Everything to this point is consistent – now that they have capital, GCM chose to invest in a project in Guyana.  I don’t really like these corporate inter-relationships since there is so much room for error, but at least the strategy is consistent.  After this date, things get screwy:

  • March 1, 2019 – GCM files for an equity offering, wants to raise gross CAD$25 million. Warrants for C$5.75, stock price to be determined by market. Stock crashes. Cited reason for the capital offering: Accelerated drilling in Segovia.   It raises the hidden question – why are they dumping money in SSP (CAD$5.7 million to date plus disposition of 30% Chicharron stake) if it was better spent on drilling in Segovia or Marmato?  GCM earned US$44 million in free cash flow in fiscal 2018, is this not enough?  GCM ended 2018 with US$39 million cash+equivalent and the only debt on the books was the US$89 million in GCM.NT.U.
  • March 4, 2019 – GCM opts to change the offering and raises CAD$20M instead in debentures (convertible at CAD$4.75), CAD$18M from MM Capital Partners, CAD$2M from insiders.
  • May 30, 2019 – GCM will be buying 2/3rds of a $3 million non-brokered placement (another CAD$2 million of SSP) – this was “up-sized” two days later to a $4 million placement – not clear whether the 2/3rds applies to the $4 million or whether it will be a $2 million commitment.  Let’s assume $2 million.  As of the date of this writing this has not been confirmed. (Update, June 12, 2019: $2 million investment)
  • June 10, 2019 – NCIB announcement. Wasn’t this capital supposed to go to Segovia drilling?  In fairness to management, this does not commit them to repurchasing shares, but it does signal odd capital priorities (raising capital three months earlier, only to buy it back?).

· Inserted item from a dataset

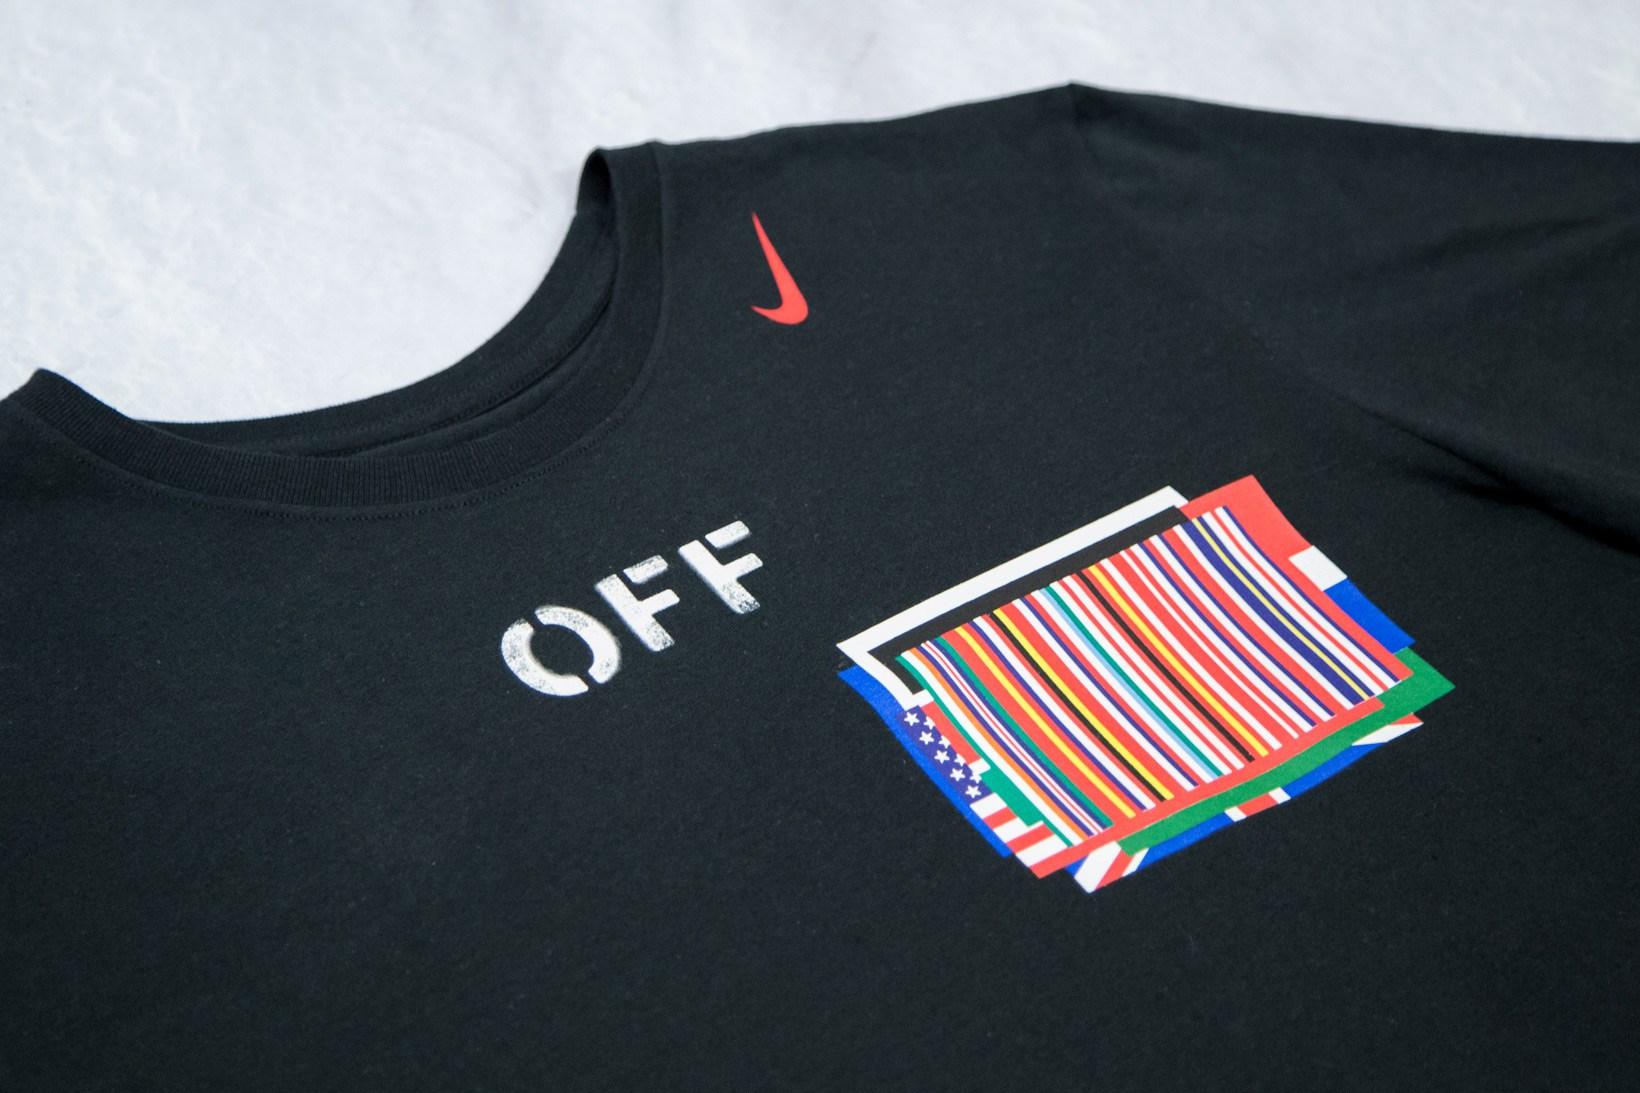 nike-off-white-virgil-abloh-equality-t-shirt-5-2

MM Asset Management, the firm that bought the CAD$18 million in debentures, filed June 10, 2019 that their stake is now 6,510,699 shares of GCM, plus $18 million in debentures, for a consolidated ownership of 19.77% if they convert (doesn’t factor in the dilution with the outstanding warrants, however).

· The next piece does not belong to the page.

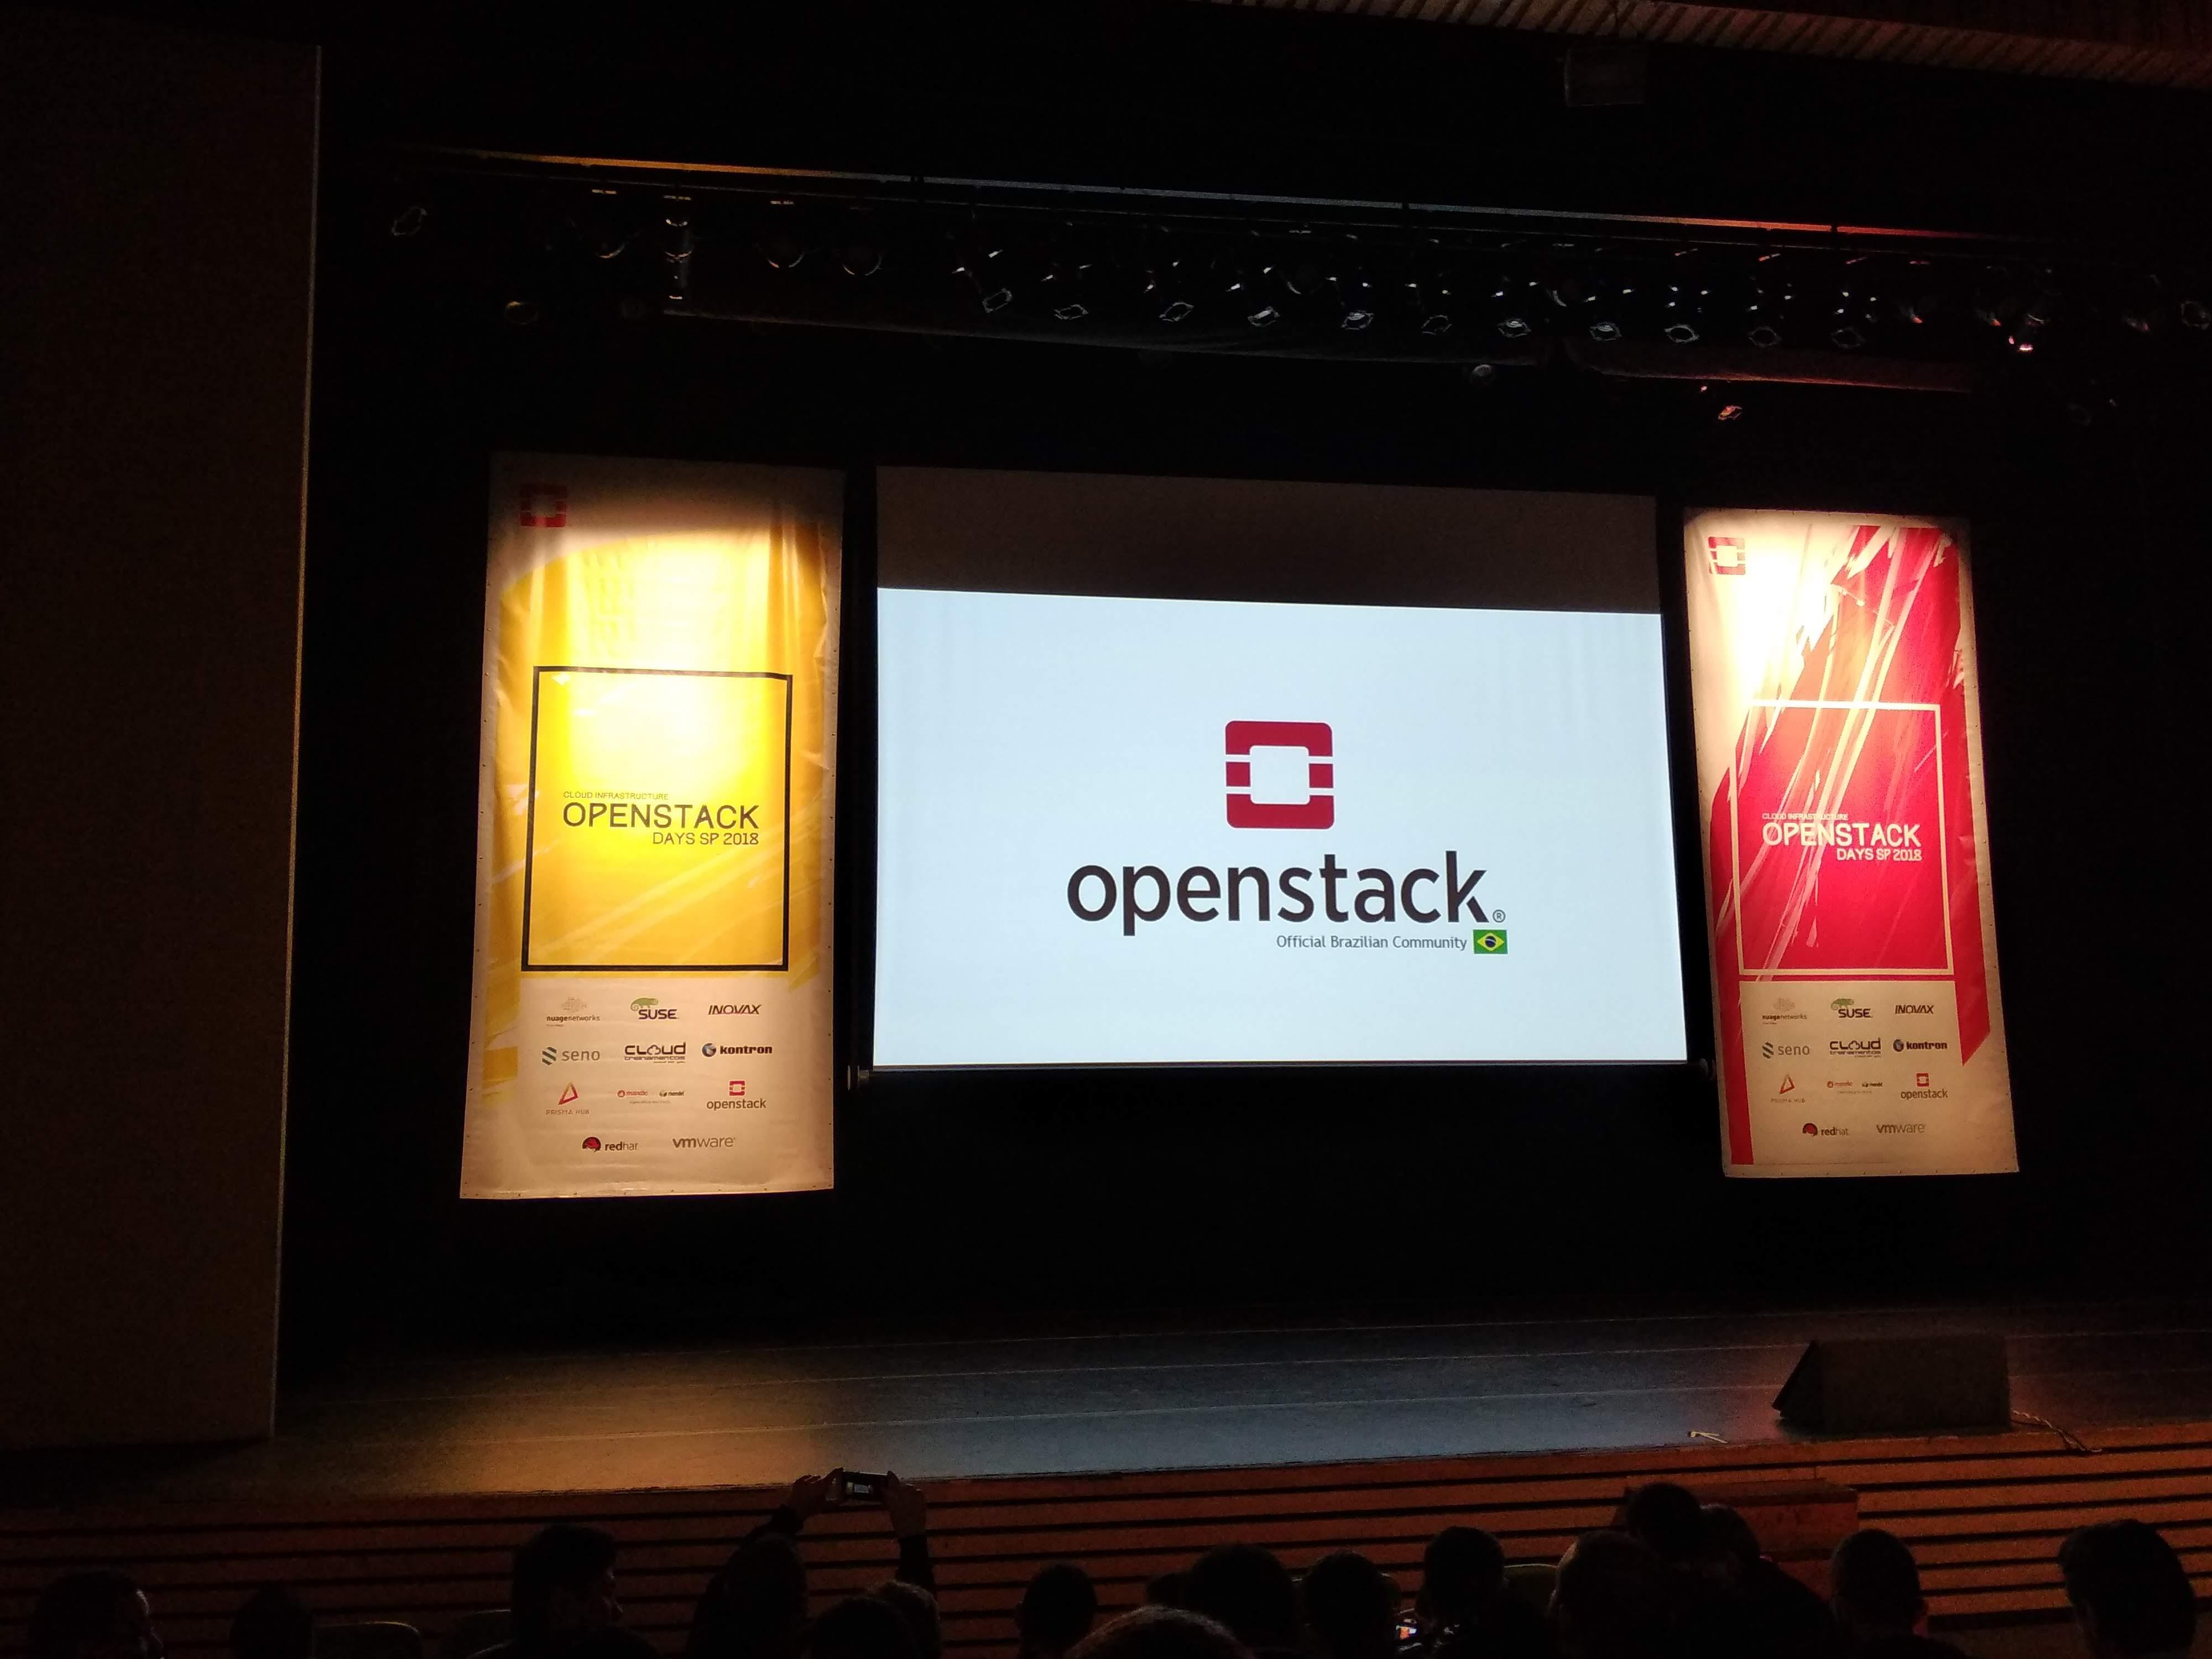 010 - Visão geral sobre Openstack new

To date, GCM has sent CAD$7.7 million into SSP stock (with the $2 million invested on June 12, 2019).

I find these capital allocation decisions to be highly mysterious.  Now that the debt covenants have been relaxed (you can read the restrictions in Section 5.10 of the indenture – condensing the legalese, the material points are a 50% consolidated net income (note: as defined on page 9) restriction, subject to a $10 million or 2.5% tangible net asset floor), GCM has the ability to dabble externally and also with its own stock.

At least there is protection for Noteholders.